:: DATA SECTION ::
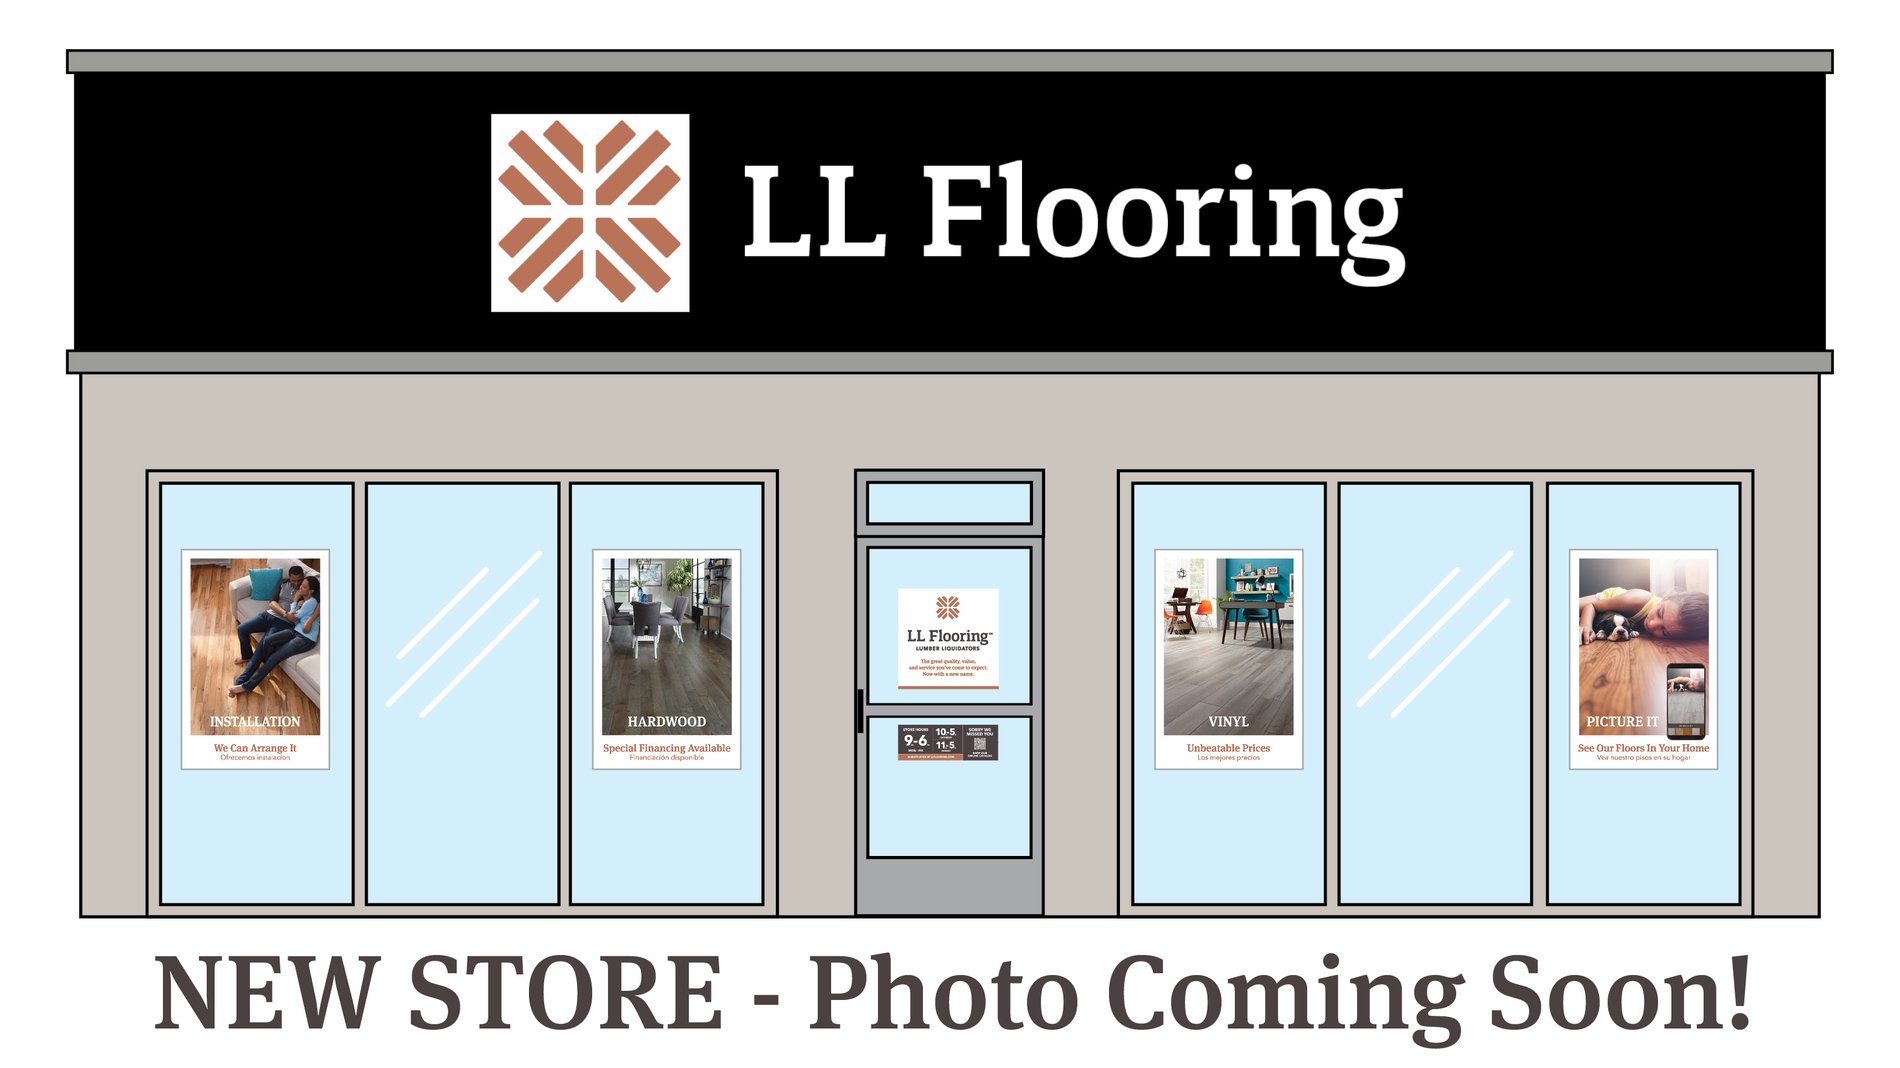 LL Flooring #1471 Manahawkin | 733 Route 72 West | Storefront Photo Coming Soon
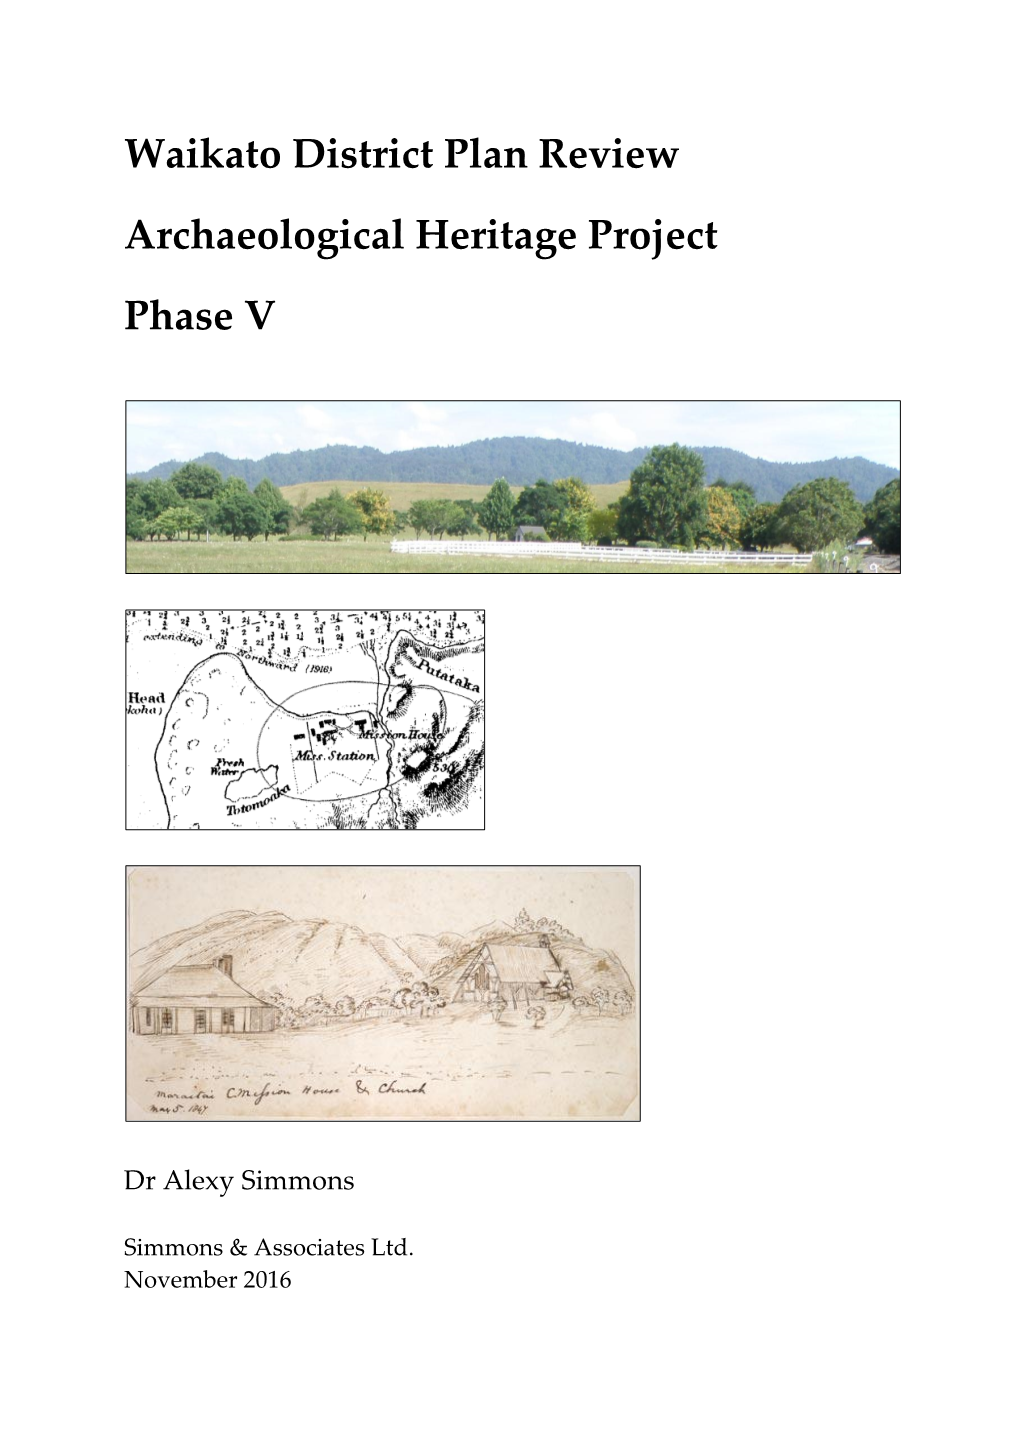 Waikato District Plan Review Archaeological Heritage Project Phase V
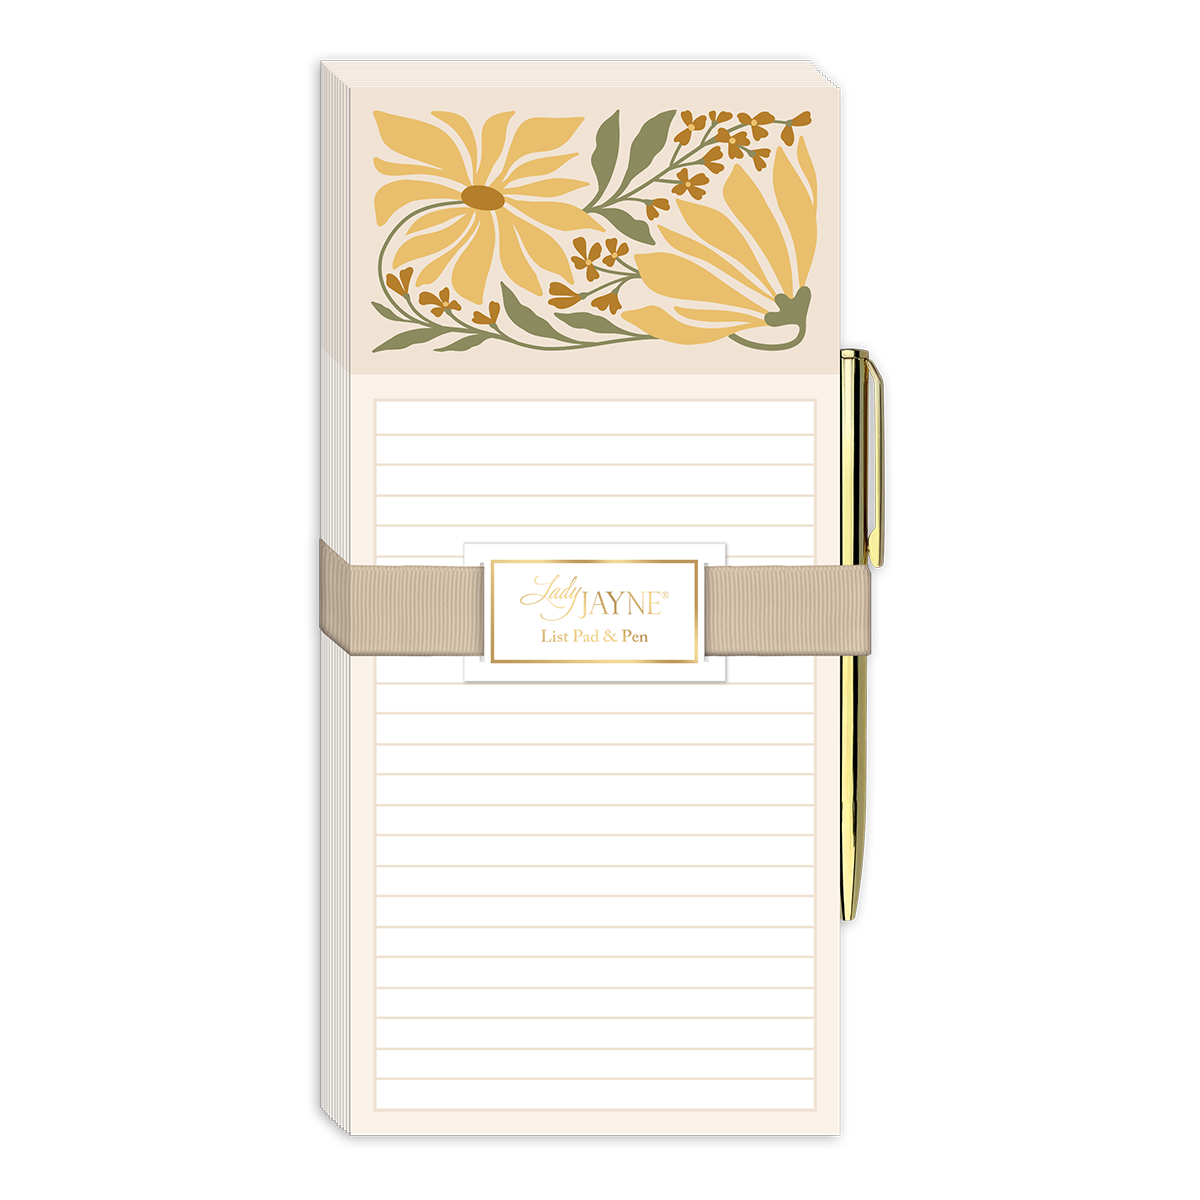 Flower Market Sunflower Magnetic List Pad With Pen Product
:::
** PROBLEM DESCRIPTION **
Reproduce the final stretch of lines exactly: the line containing "Waikato District Plan" through the last line of the data, both included. Pictures do not belong in the copy.

** WRITTEN SOLUTION **
 Waikato District Plan Review Archaeological Heritage Project Phase V
 Flower Market Sunflower Magnetic List Pad With Pen Product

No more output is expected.